Goal of the exercise: So that the copy stays text only, transcribe the data below exactly and exclude the images.

Recorded data:
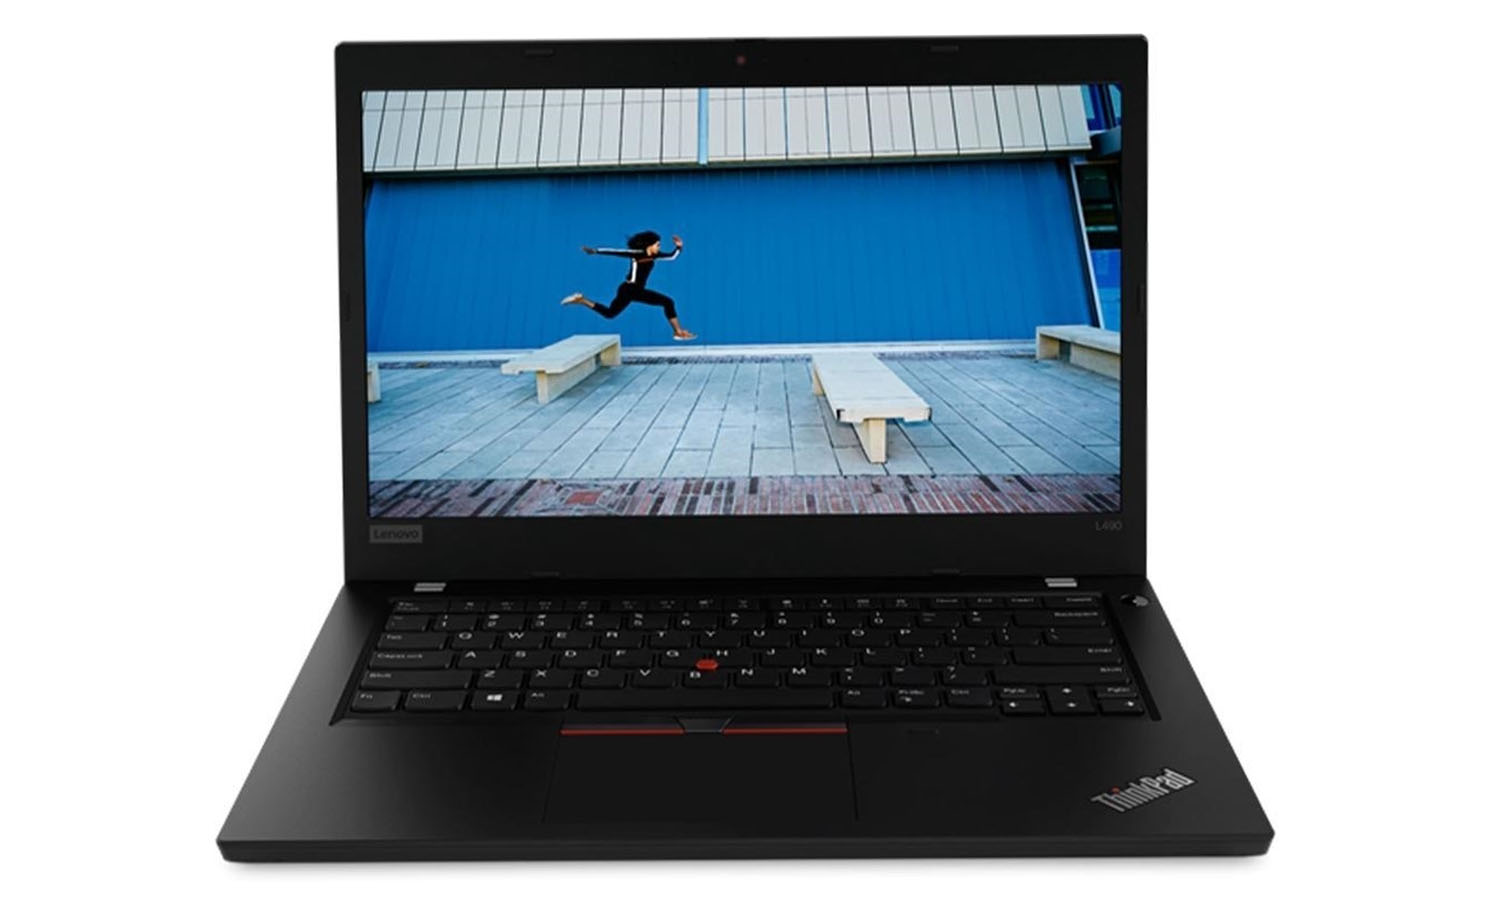 Lenovo ThinkPad L490 Intel Core i5 8th Gen 8GB RAM 256GB SSD Windows 10 Pro
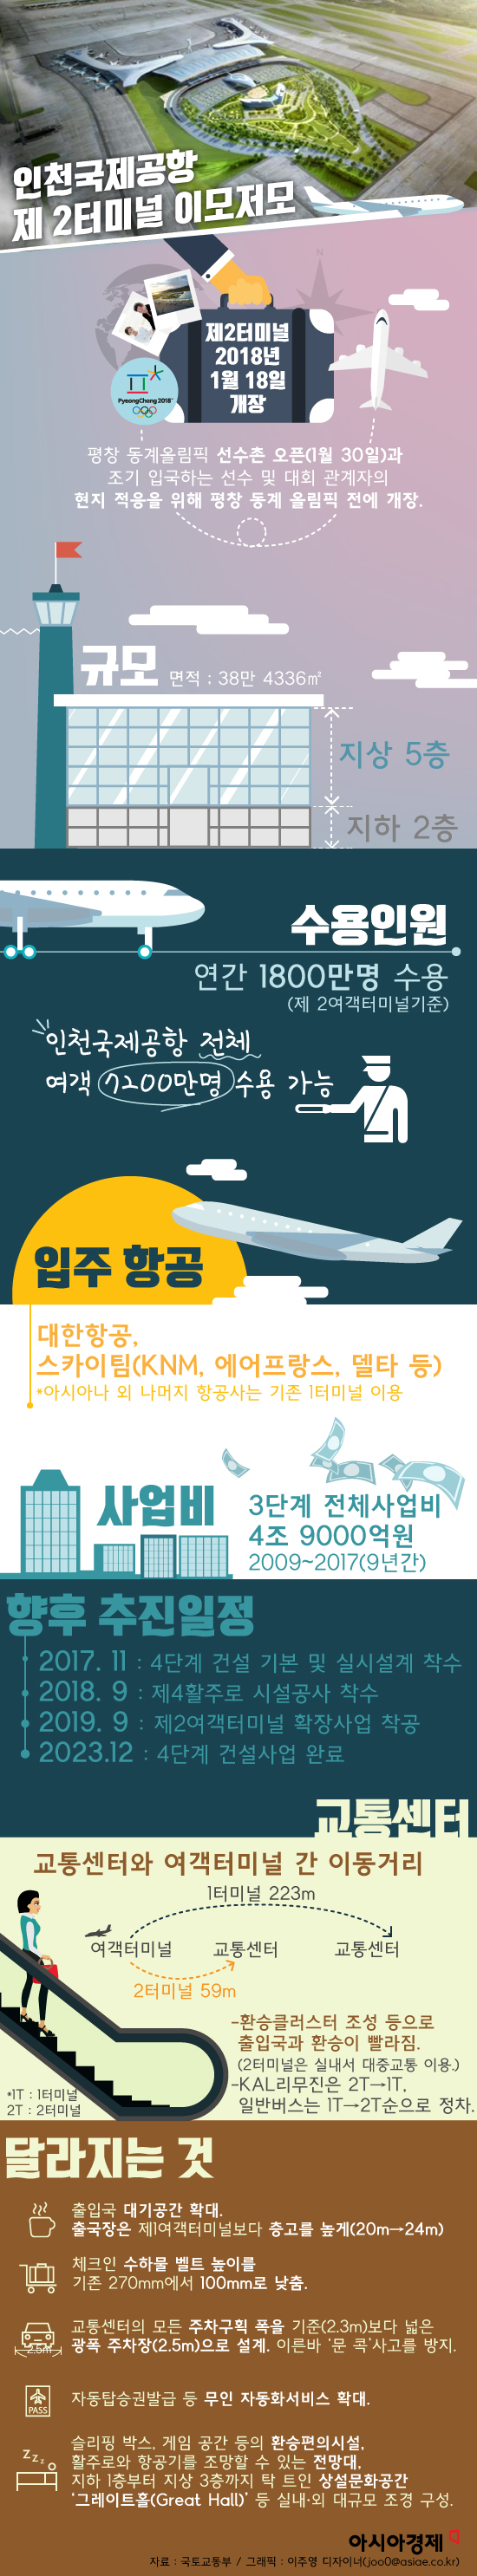 [그래픽] 인천국제공항 제2여객터미널
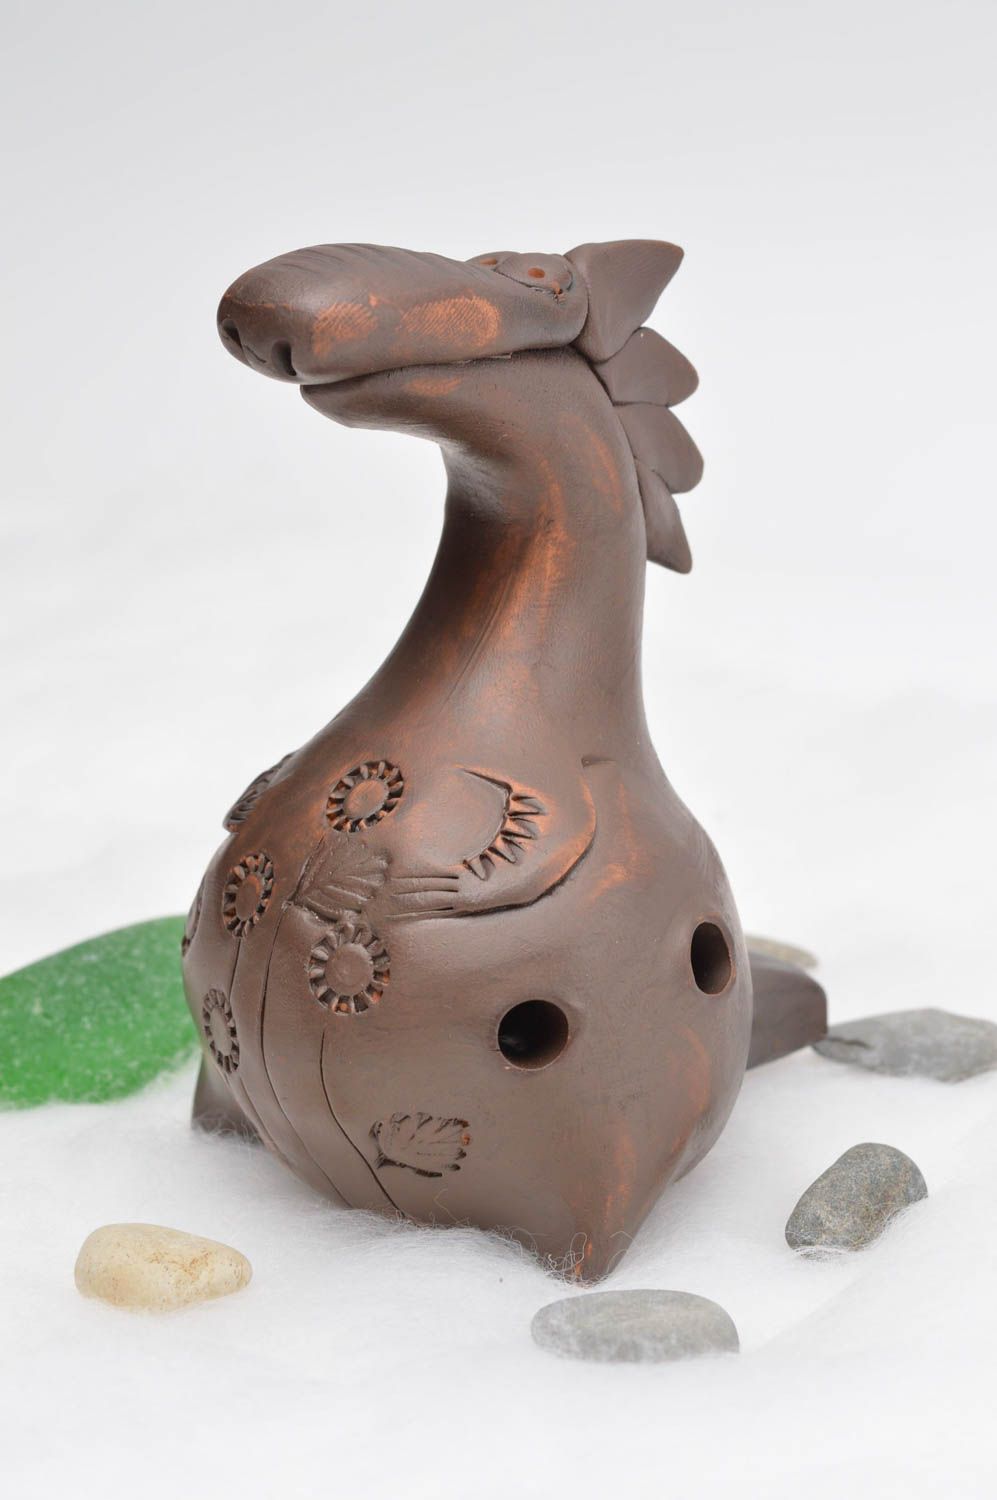 Глиняная свистулька статуэтка ручной работы фигурка животного свистулька Дракон фото 1

Response:
 Lenovo ThinkPad L490 Intel Core i5 8th Gen 8GB RAM 256GB SSD Windows 10 Pro
 [그래픽] 인천국제공항 제2여객터미널
 Глиняная свистулька статуэтка ручной работы фигурка животного свистулька Дракон фото 1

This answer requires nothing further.